The section provides some trivia about the coverage observed by the
instrumentation embedded in the target binary.

The first line in the box tells you how many branch tuples already were hit, in
proportion to how much the bitmap can hold. The number on the left describes the
current input; the one on the right is the value for the entire input corpus.

Be wary of extremes:

- Absolute numbers below 200 or so suggest one of three things: that the program
  is extremely simple; that it is not instrumented properly (e.g., due to being
  linked against a non-instrumented copy of the target library); or that it is
  bailing out prematurely on your input test cases.

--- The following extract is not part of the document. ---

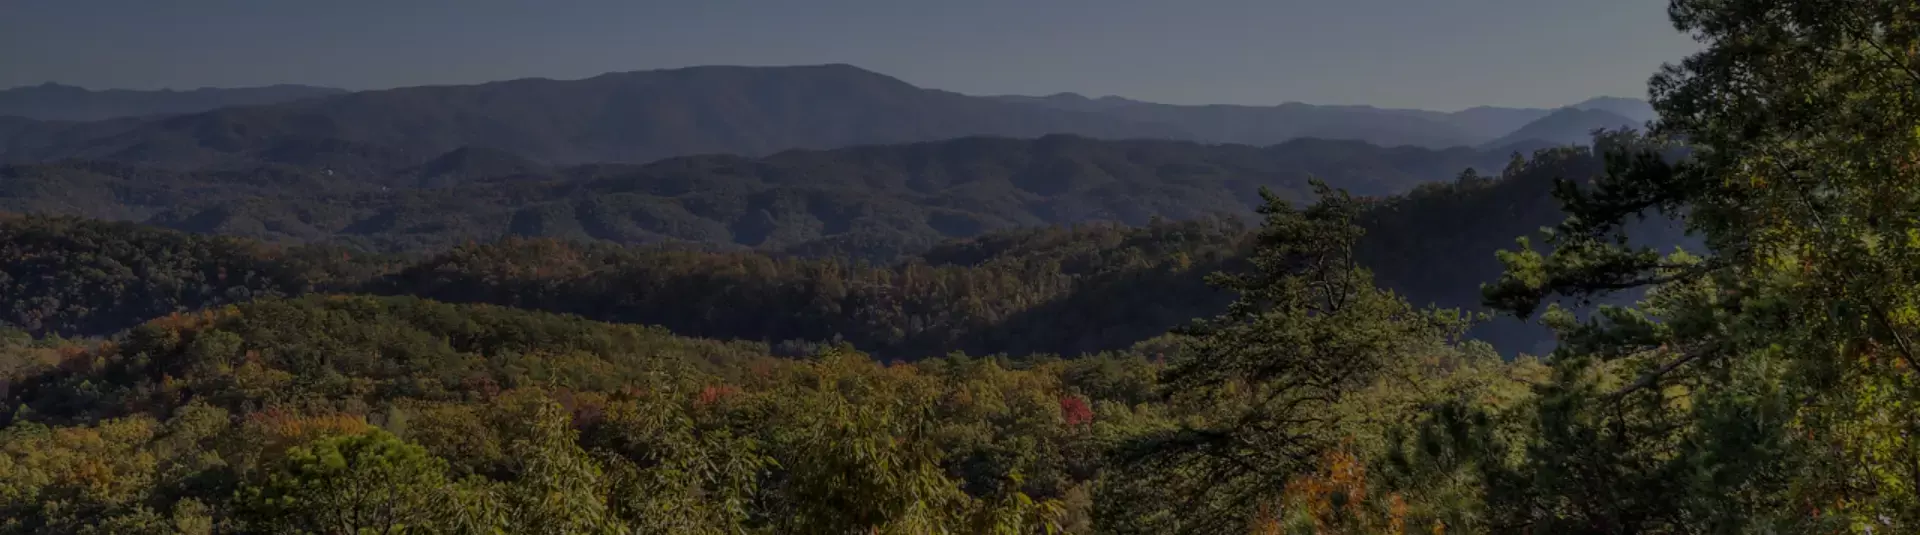 view overlooking Smoky Mountains

The fuzzer will try to mark
  this in pink, just to make you aware.
- Percentages over 70% may very rarely happen with very complex programs that
  make heavy use of template-generated code. Because high bitmap density makes
  it harder for the fuzzer to reliably discern new program states, we recommend
  recompiling the binary with `AFL_INST_RATIO=10` or so and trying again (see
  [env_variables.md](env_variables.md)). The fuzzer will flag high percentages
  in red. Chances are, you will never see that unless you're fuzzing extremely
  hairy software (say, v8, perl, ffmpeg).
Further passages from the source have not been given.